The following letter has been sent to Mayor Fryday, Councilmember Lucas and Councilmember Athas, regarding the public process and RFP for the vacant parcels at Hamilton.
You voted for a process that is NOT transparent with regards to the Request For Proposals that are submitted to the City for the vacant parcels at Hamilton.
As it stands you have voted to have the proposals first reviewed in a CLOSED SESSION of the Council and only the proposals that you deem are "financially viable" will be brought forward to the public. By doing this in Closed Session, the public will not have access to what should be public information on nature and number of proposals submitted.
Additionally, the public will not know how the criteria for selection is being applied to these proposals in order to deem them viable. More importantly, the VOTE take by our Council representatives on these proposals will be kept secret by rules of the CLOSED SESSION.
If Council members have communication with developers who submit proposals, when will that information be available to the public, particularly if the proposals are reviewed in closed session and do not make it through to the public process?
This goes against the commitment to transparency that has been made by you as members of the Novato City Council. ALL of the proposal submitted should be open to the public at least in summary, without any sensitive financial information that would be pertinent to private negotiation.
For public record, I’m attaching the content of the March 10, 2018 Marin IJ Editorial which states that this is a step away from transparency. Please reconsider this process on the RFPs to provide transparency to the citizens of Novato on ALL the proposals submitted to the City of Novato for the vacant properties.
Sincerely,
Tracey Ruiz
Hamilton Resident
Marin IJ Editorial, March 10, 2018
HAMILTON PROPERTIES DESERVE A WIDE-OPEN PUBLIC PROCESS
Novato Councilwoman Pat Eklund isn’t known for being shy about expressing her opinion. On the city’s handling of the future of three city-owned parcels at Hamilton Field, we’re glad she spoke up.
Although winding up on the losing end of a 3-2 council vote, Eklund argued that the proposals the city receives for these sites be open to public review.
“I believe all proposals, not just the viable ones, should go to the public,” she said.
She’s right, but a majority of her colleagues opted for a process in which the council, meeting in private, would cull the proposals to two or three and then present those for public review.
Although City Hall’s been touting efforts to be more open and transparent, the idea of the council meeting behind closed doors to pre-screen proposals is neither. It just invites public suspicion about the process.
Councilman Eric Lucan said that the council handling that task is better than letting staff winnow the proposals, which was the original staff recommendation. “As elected council members we are elected to make those tough decisions and face the heat for those decisions, so I think the council should be the one determining whether or not it’s financially viable.”

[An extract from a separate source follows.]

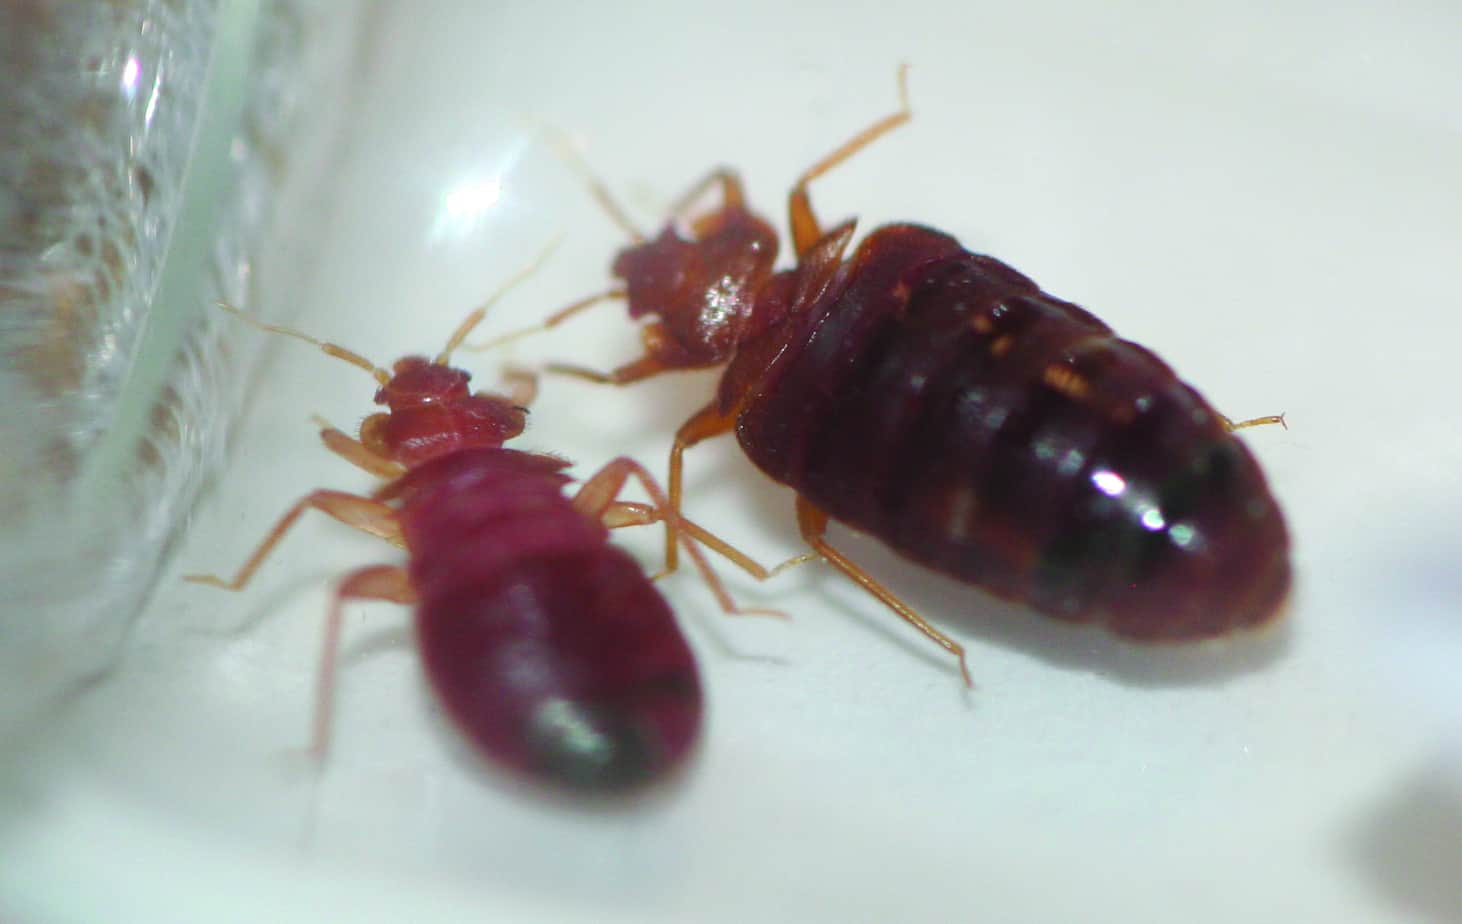 What do Bed Bugs Look Like

The council-shaped process adopted on a 3-2 vote, with Mayor Josh Fryday and Councilwoman Denise Athas joining Lucan, is marginal improvement when it comes to an open and transparent process. Having a wide-open public process may be messier, but it avoids suspicion that council members are steering a predetermined process.
Given that this process involves public property and potentially large sources of city revenue from the sale or lease of the sites, Eklund was right when she said, “Let’s turn this process around and let’s make it work for everybody.”
Obviously, the council will have to meet in private when it gets into negotiating the nitty-gritty details, such as the ultimate price and payments for the properties. But the council’s decision to start the process with closed-door decisions gets the public process backward.
To its credit, the city has already held three public meetings on the issue of determining the future of the old commissary site and Christmas Tree Hill, the theater and community center property and the Bachelor Quarters and Officers Club sites.
Now is not the time to duck into a private session. City staff should take a hard look at the proposals and the developers’ track record and financial performance. Those factors are an important part of the decision-making process and staff should advise council members on those factors before finalists are chosen.
But the public deserves a chance to see and review all of the proposals, not just the ones the council has already blessed.
City Hall has promised to be more open and transparent, but this is a big step away from that pledge.